Wildcard Detection as Cache Invalidation¶

Before accepting a DNS response, the system checks for wildcard patterns using eTLD+1 extraction:

graph LR
    Response["DNS Response"] --> Extract["Extract question name"]
    Extract --> Lower["strings.ToLower()<br/>RemoveLastDot()"]
    Lower --> ETLD["publicsuffix.EffectiveTLDPlusOne(name)"]
    ETLD --> Detect["detector.WildcardDetected(ctx, resp, dom)"]
    Detect -->|"True"| Discard["Discard response<br/>(treat as cache miss)"]
    Detect -->|"False"| Accept["Accept response"]

Wildcard responses are discarded to prevent false positives from polluting results. This is critical for subdomain enumeration accuracy.

Resolver Selection Strategy¶

The system uses a random selector to distribute queries across the baseline resolver pool, preventing any single resolver from being overwhelmed:

graph TB
    Request["DNS Query Request"] --> Selector["selectors.NewRandom(timeout, servs...)"]

    Selector --> Pool78["Resolver Pool<br/>(78 baseline servers)"]

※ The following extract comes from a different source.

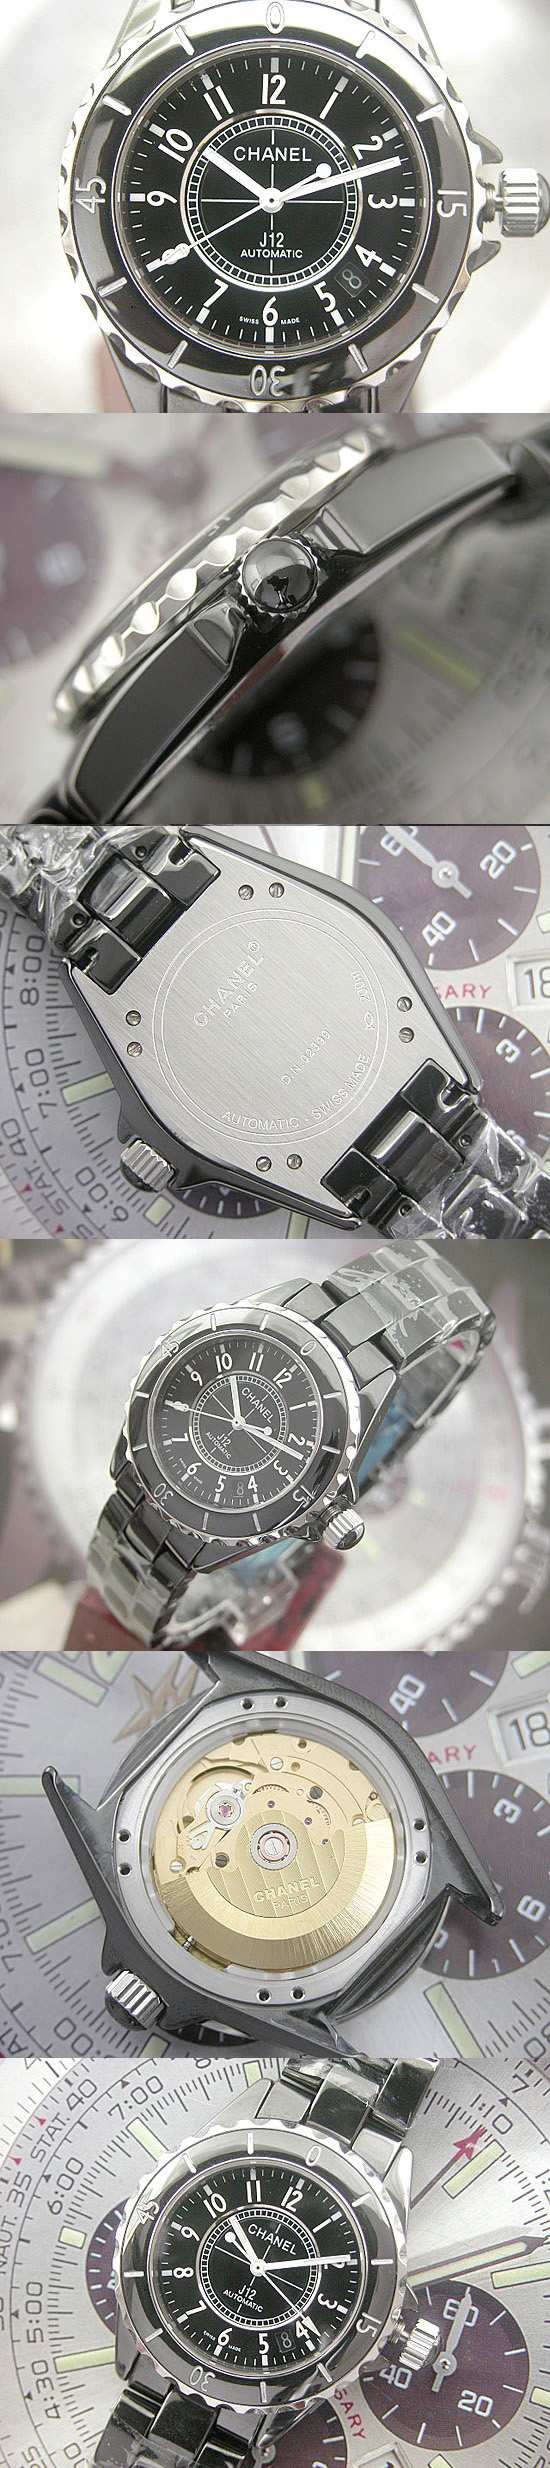 おしゃれなブランド時計がシャネル-CHANEL-H0685-J12-男性用を提供します.

    Pool78 --> R1["8.8.8.8"]
    Pool78 --> R2["1.1.1.1"]
    Pool78 --> R3["9.9.9.9"]
    Pool78 --> R4["208.67.222.222"]
    Pool78 --> R5["... 74 more"]

    R1 --> Response["DNS Response"]
    R2 --> Response
    R3 --> Response
    R4 --> Response
    R5 --> Response

    Response --> Validation["Validation Pipeline"]

Alternative selector implementations available in the resolve package:

• selectors.NewAuthoritative — Queries authoritative nameservers directly
• selectors.NewSingle — Uses a single dedicated resolver

Dynamic Public Resolver Loading¶

In addition to the 78 baseline trusted resolvers, Amass can dynamically fetch public DNS resolvers from public-dns.info with reliability filtering.

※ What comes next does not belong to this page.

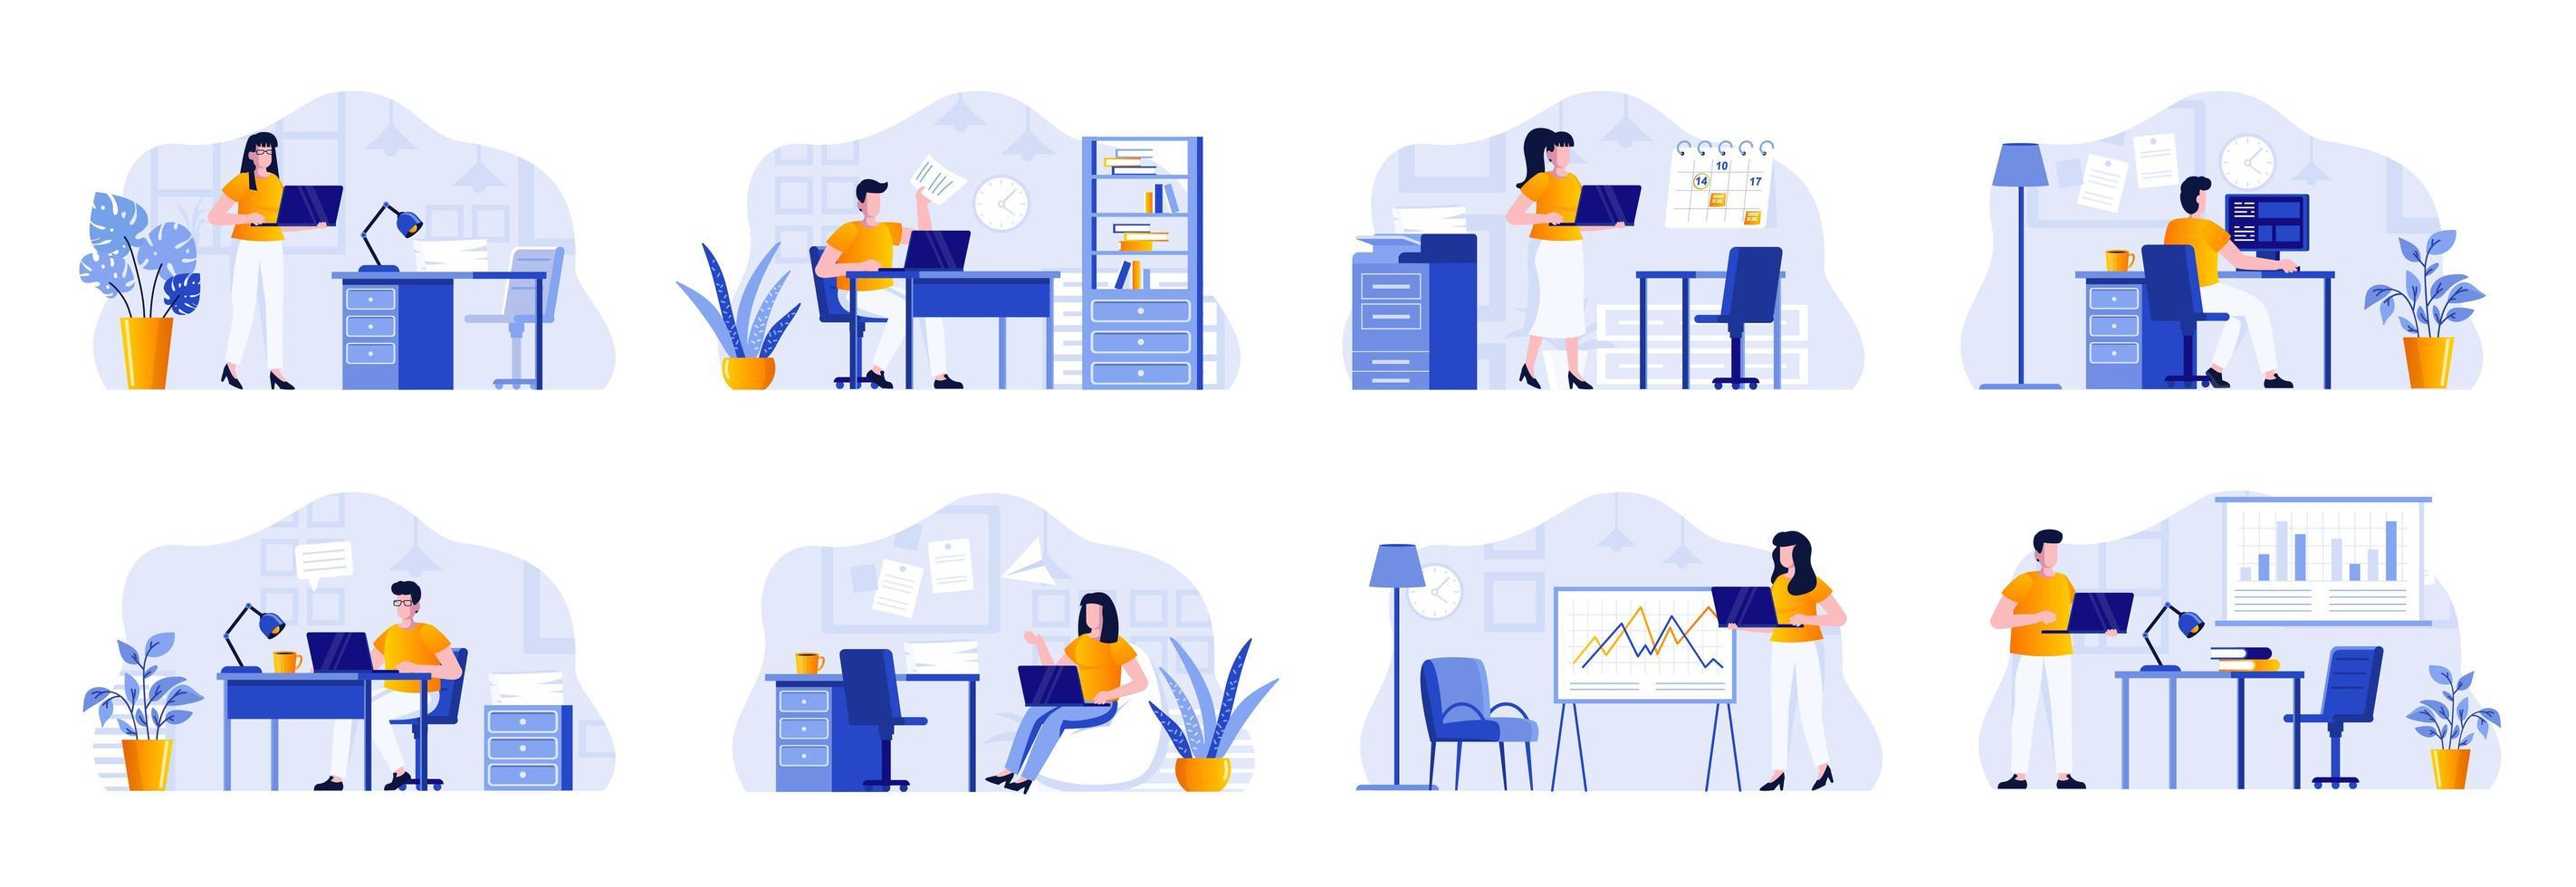 office management scenes bundelen met mensen vector

Public Resolver Acquisition Process¶

sequenceDiagram
    participant System
    participant HTTP as http.RequestWebPage
    participant CSV as CSV Parser
    participant Filter as Reliability Filter
    participant Config

    System->>HTTP: GET public-dns.info/nameservers-all.csv
    HTTP-->>System: CSV data

    System->>CSV: Parse CSV records
    loop For each record
        CSV->>Filter: Check reliability >= 0.85
        Filter->>Filter: Skip if in DefaultBaselineResolvers
        Filter->>Config: Append to PublicResolvers
    end

    Config->>Config: PublicResolvers = deduplicated list

TTL Handling and Cache Expiration¶

While explicit TTL extraction is handled by the underlying resolve package, the system's architecture implies TTL-based caching through the resolver pool abstraction.

Implied TTL Workflow¶

graph TD
    Query["DNS Query"] --> Pool["pool.Exchange(ctx, msg)"]
    Pool --> Resolve["resolve package<br/>(internal)"]

    Resolve --> CheckCache{"Cached<br/>response?"}
    CheckCache -->|"Yes"| CheckTTL{"TTL<br/>expired?"}
    CheckCache -->|"No"| Network["Perform network query"]

    CheckTTL -->|"Expired"| Network
    CheckTTL -->|"Valid"| ReturnCached["Return cached response"]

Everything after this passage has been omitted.